Violent radicalisation suggests a linear process, a series of incremental steps through which a person eventually comes to accept violence as a political tactic. In reality, becoming involved in a terrorist group is way messier than that.
What makes an 18-year-old boy like Jake Bilardi go to Syria to fight to the death for Islamic State, or British teenage girls Kadiza, Shamima and Amira sacrifice themselves to a life of brutality? This has as much to do with appeal as it does with a process of radicalisation. And it’s about time we recognise this because IS certainly does.
IS is not succeeding in luring our young men and women to their cause because they are making an intellectual argument, but rather because their slick use of social media provides a seductive machinery that successfully taps into the complex and contradictory emotions of youth.
For teenagers such as Jake, the IS narrative makes sense out of a confusing world. Fighting and violence seamlessly merge with concepts of purpose and agency. Others join IS in search of excitement and adventure, or to escape from criminality and reinvent themselves as ‘somebody’ in a world that idolises fame.
British Jihadi John is the perfect example of a young man reinventing himself from a shady past in the UK by becoming one of the most violent popular icons of IS.
For those like the recent perpetrators of the Paris attacks who cannot make the trip to Syria or Iraq, violence turns against the home country in view of achieving a goal that is no longer perceived as virtual.
The appeal of IS lies in its innovative narrative that has eventuated in the physical establishment of a caliphate supported by force of arms and also in an extremely slick and savvy marketing campaign and clever packaging of its extremist narrative.
The marketing approach taken by IS has been efficient as it operates on multiple social platforms, injecting extremist views into mainstream social media. It has an official Twitter account, posts on YouTube and has individual sponsored Facebook accounts. Carefully packaged images and humorous videos promote the romanticism of war, the promise of an idyllic life in the Islamic State and a sentiment of brotherhood and sisterhood. Last year’s marketing campaign aimed at recruiting young Westerners depicted Nutella chocolate spread and cats.
Life with IS is portrayed as not so different to young people’s daily lives in the West. The use of cat memes on IS Twitter accounts banks on their cuteness to distant IS from a more violent image of warfare and to engage with a wider audience. In contrast, videos of fighters riding in the back of trucks with guns give ‘coolness’ to joining IS. The aim is to appeal to young Westerners to join IS ranks but also to normalise anti-social violent behaviour.
Social media offers teenagers both a private and communitarian space in which emotions thrive and where teenage vulnerabilities and behaviours are groomed by IS with their promise of a better place.

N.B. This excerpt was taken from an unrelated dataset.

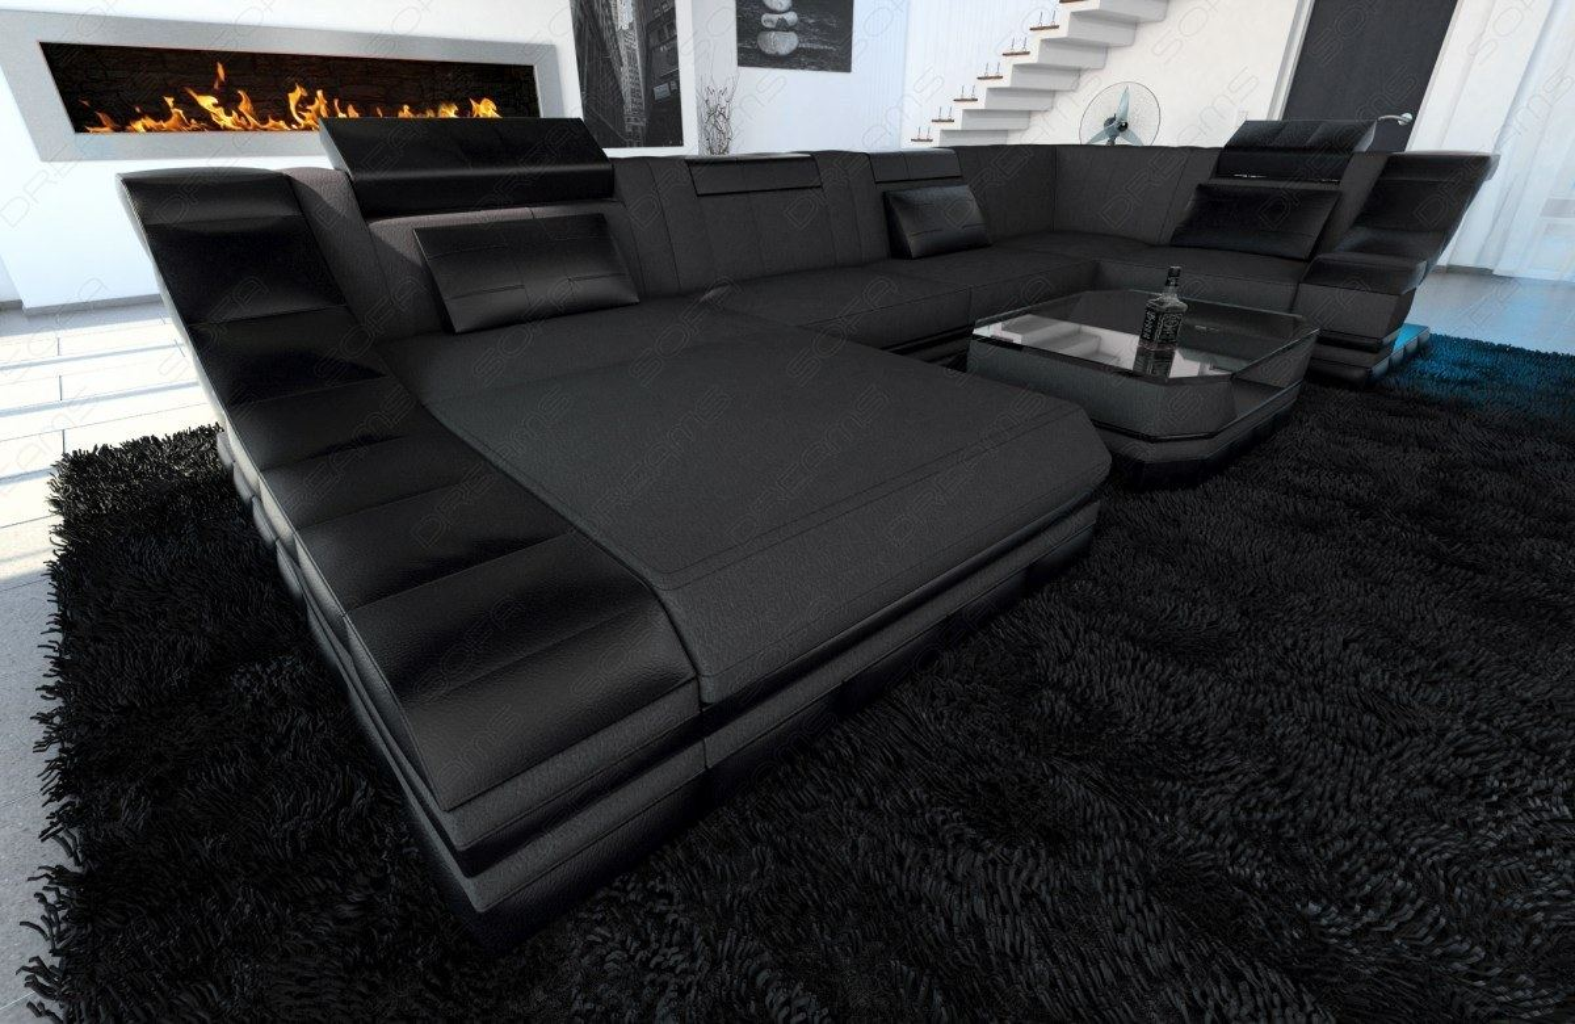 u sofa lder cool sofahusse u form marvellous inspiration l form sofa couch full size of u with. Black Bedroom Furniture Sets. Home Design Ideas

The caliphate is no longer a utopian mirage – it can be experienced and visited. The virtual world of the caliphate is now connected with the physical experience of IS. With the establishment of a caliphate, young men and women not only have a sensory experience but also the opportunity to be part of a common project that provides a sense of belonging, meaning and a purpose.
While teenagers used to run away from home as a form of rebellion, they now have the opportunity to embark on the rebellious and dangerous journey of IS.

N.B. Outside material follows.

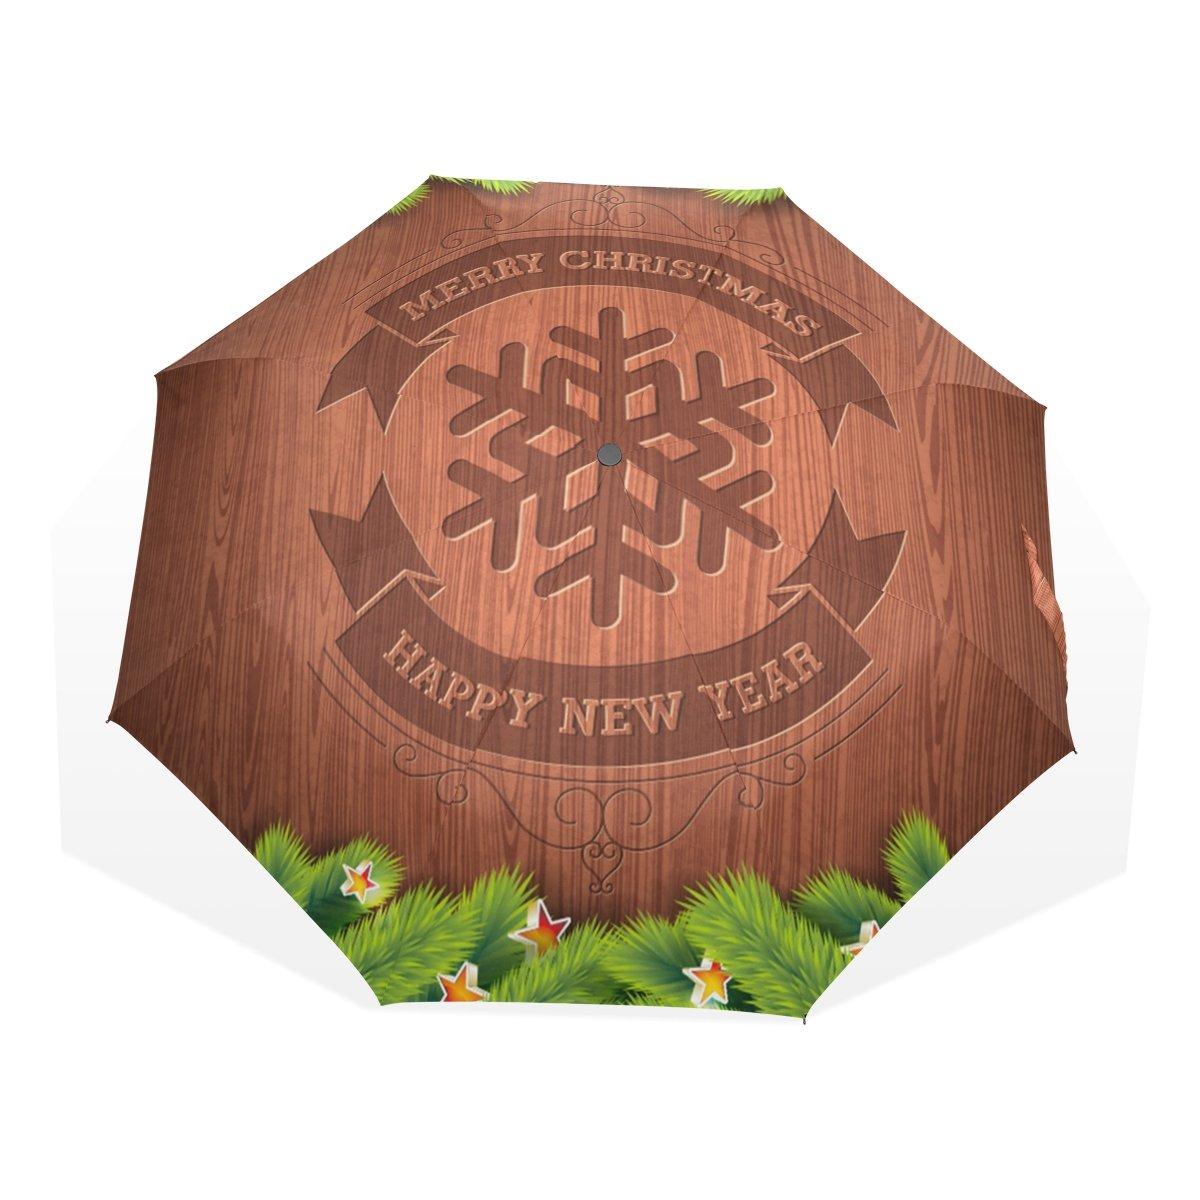 leisisi Merry Christmas Personalizedファッション傘防風折りたたみトラベルコンパクト傘 B078C7TWPRXHS-05

Like any predator, IS knows its target. They tap into the vulnerabilities of youth in a game of seduction that has devastating effects not only to those targeted, but to their families, communities, and societies at large. Offering youth a non-violent way of meeting their need for belonging and identity, as well as for justice, purpose and action will be key in countering the power of IS. If we don’t address emotional needs we are missing the point.
Understanding this appeal is one of the pressing challenges for governments seeking to counter violent extremism. Understanding the vulnerabilities of those for whom this appeal resonates is the other.
Appeal and vulnerability are issues with a strong emotional component. Emotions are more than just individual reactions: they are an important component of understanding, constructing, and interpreting the world and one’s identity.
Emotions contribute to the development of beliefs and to deciding who or what is a source of credible information. They contribute to the construction of morality and therefore to decisions about what kind of behaviour is considered permissible or not.
Emotions also affect the judgments someone makes about the possibilities of a rewarding life or towards those they see as either facilitating or blocking their chances of achieving this. In short, we all live in complex emotional landscapes and no more so than our youth who are in the process of searching for meaning, purpose and belonging in their lives.
As Foreign Minister Julie Bishop has stated, the fight against IS “will take years, decades, potentially a generation to resolve”. To understand why a person is drawn to the IS project we must understand the interplay between the IS global narrative and locally specific vulnerabilities.
This means not only developing a more sophisticated understanding of the role of social media in seducing people into a life of violence, but also understanding why the message resonates with some young people. Emotions are part of the solution and need to be in the picture. When we attend to this we will be better positioned to debunk the romantic myth of the IS foreign fighter.
Dr Debra Smith is a lecturer in criminology at the Navitas College of Public Safety. Dr Virginie Andre is a research fellow at the Alfred Deakin Research Institute for Citizenship and Globalisation at Deakin University.